■ Data ■
"""
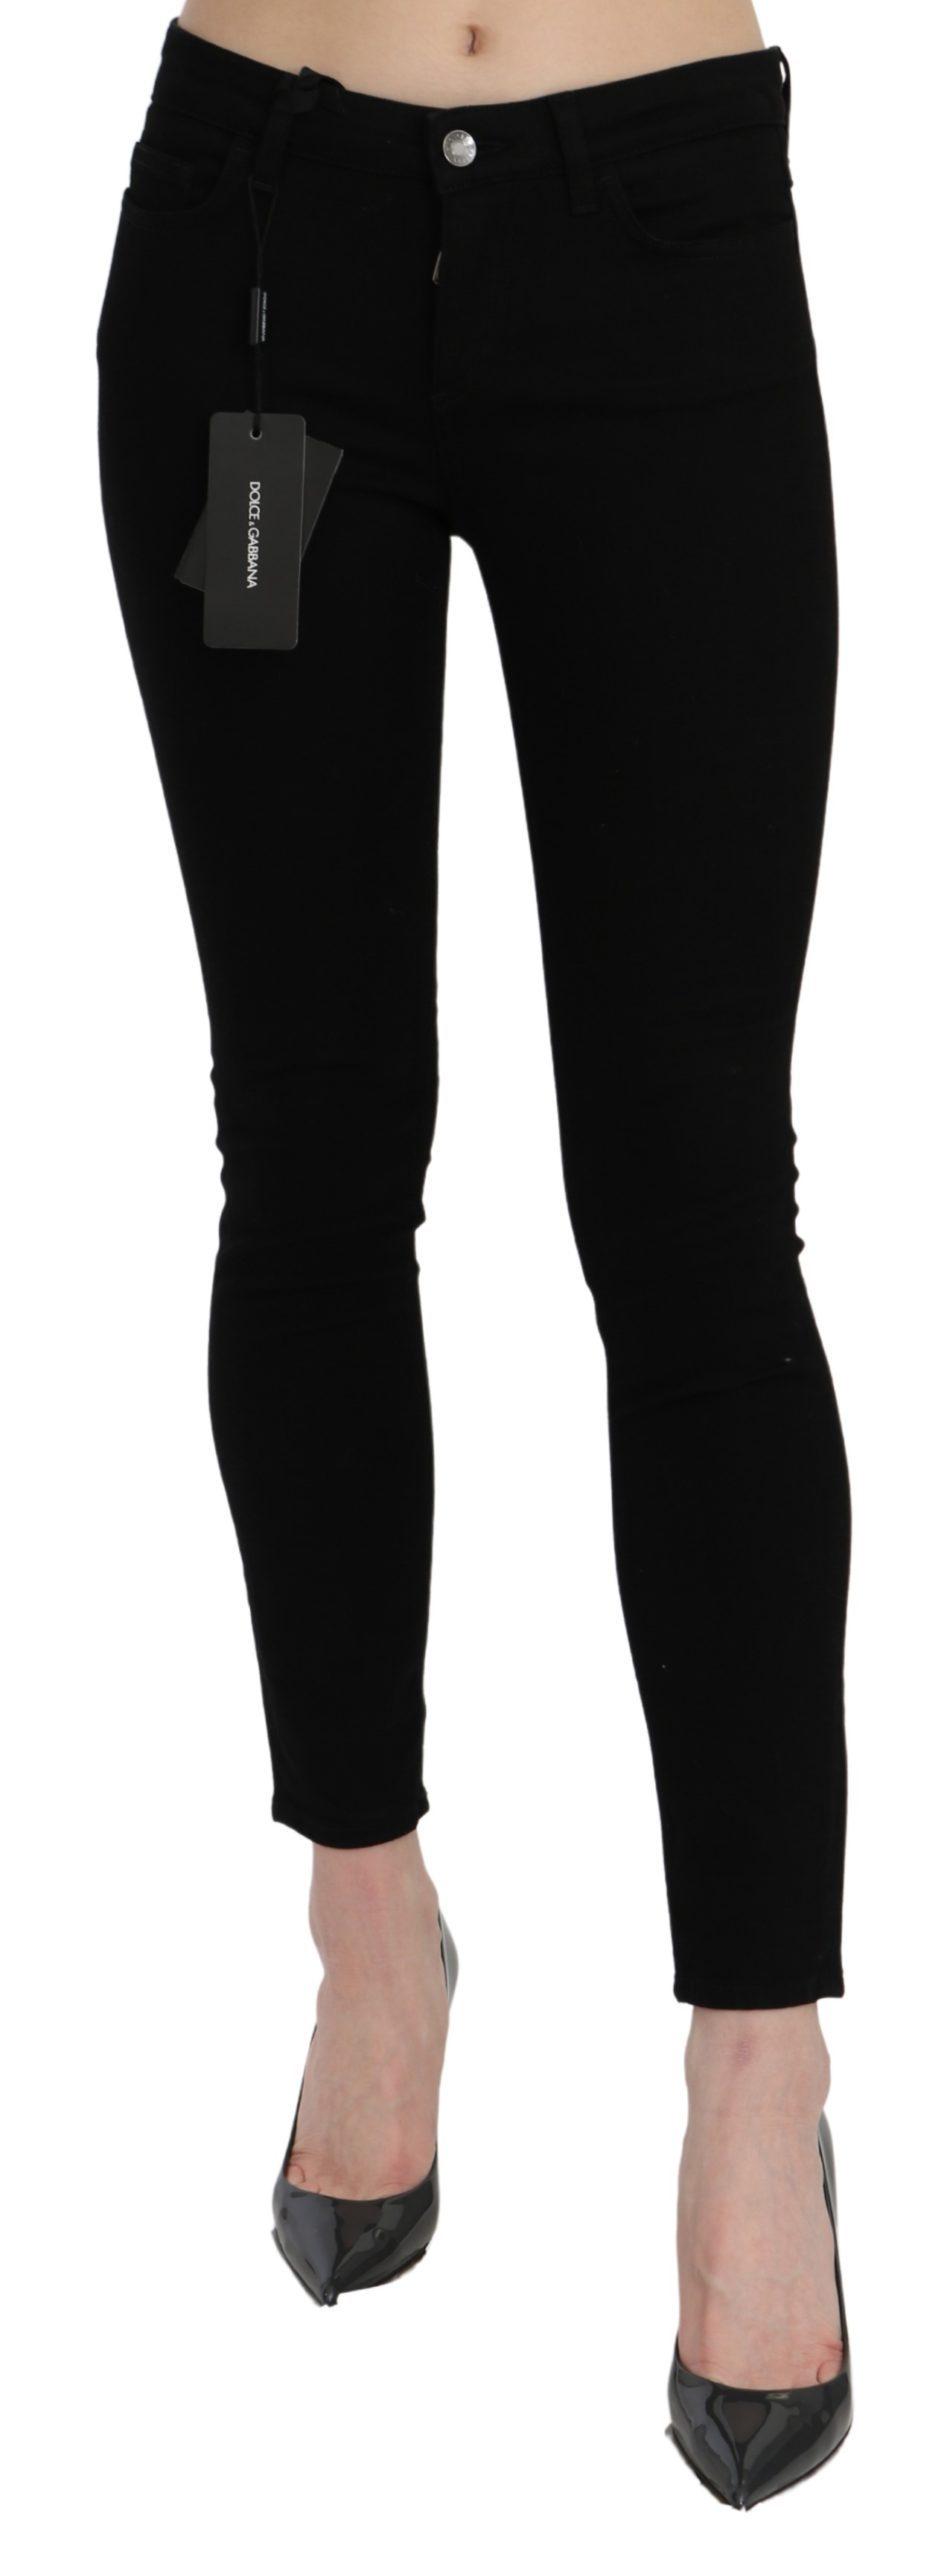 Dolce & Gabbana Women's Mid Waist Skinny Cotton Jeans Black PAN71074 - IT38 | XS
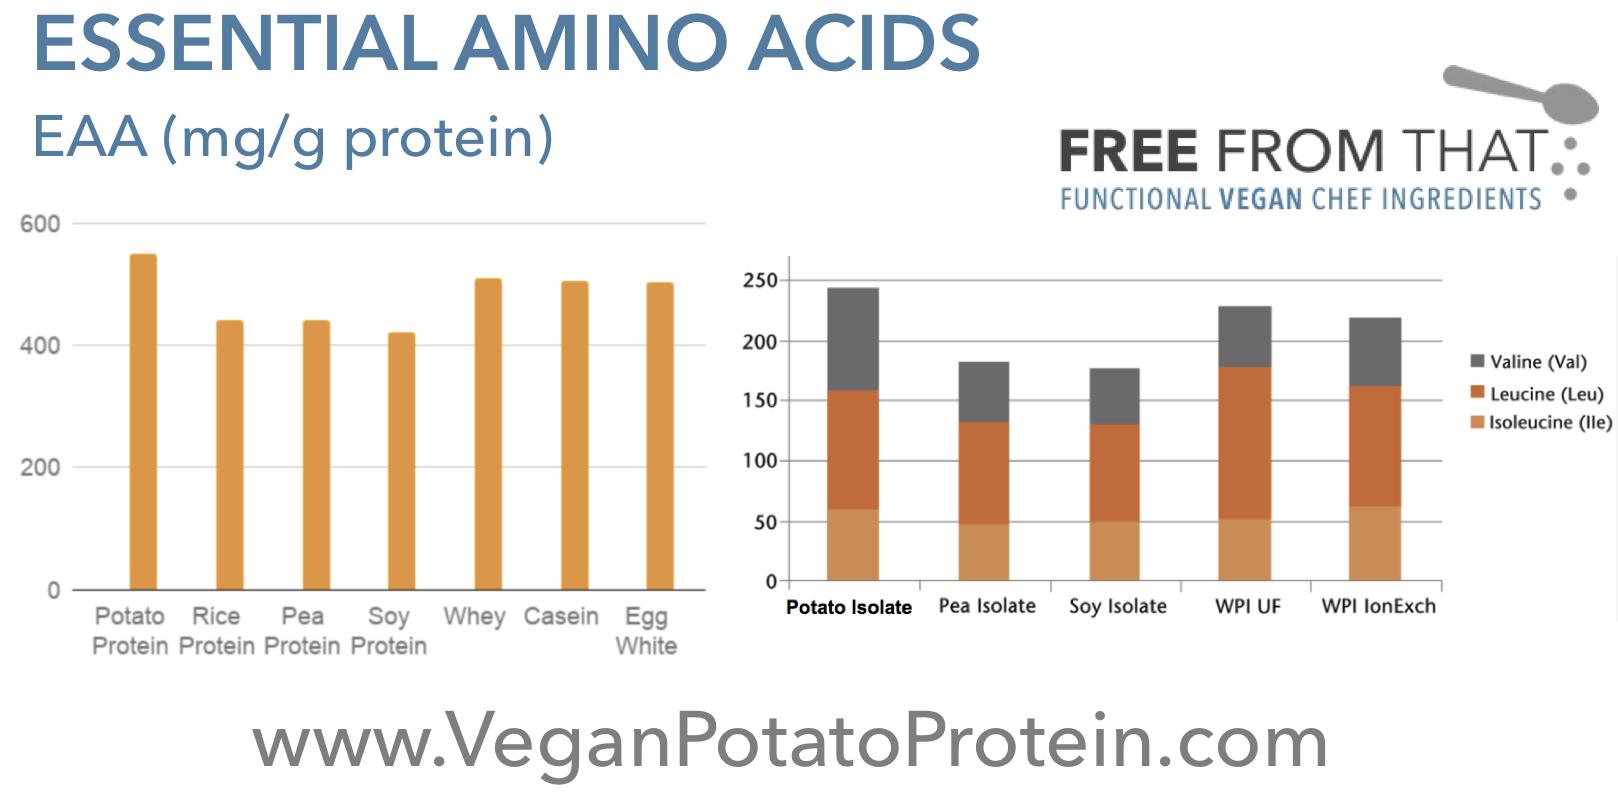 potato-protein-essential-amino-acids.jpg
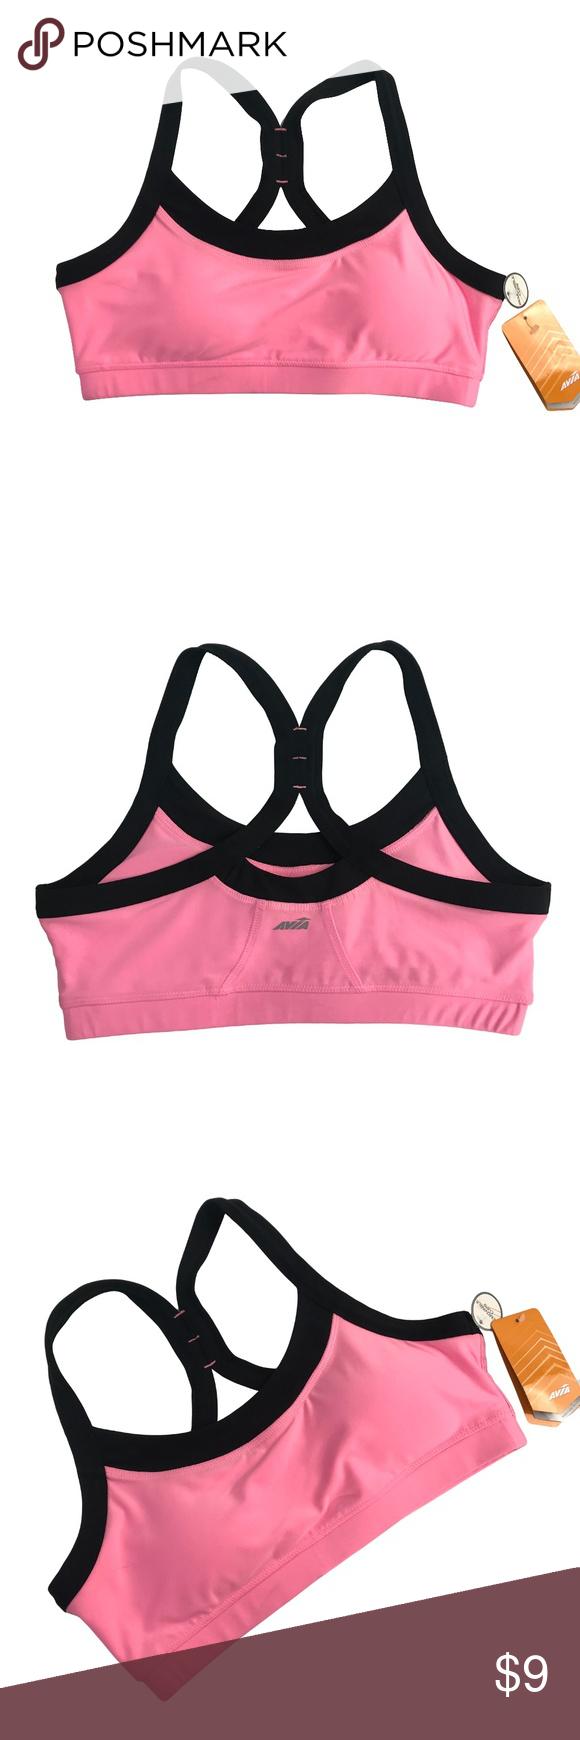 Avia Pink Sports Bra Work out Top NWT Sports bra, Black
"""
■ Work instructions ■
Everything in the data except the pictures must appear in your answer unchanged.

■ Response ■
 Dolce & Gabbana Women's Mid Waist Skinny Cotton Jeans Black PAN71074 - IT38 | XS
 potato-protein-essential-amino-acids.jpg
 Avia Pink Sports Bra Work out Top NWT Sports bra, Black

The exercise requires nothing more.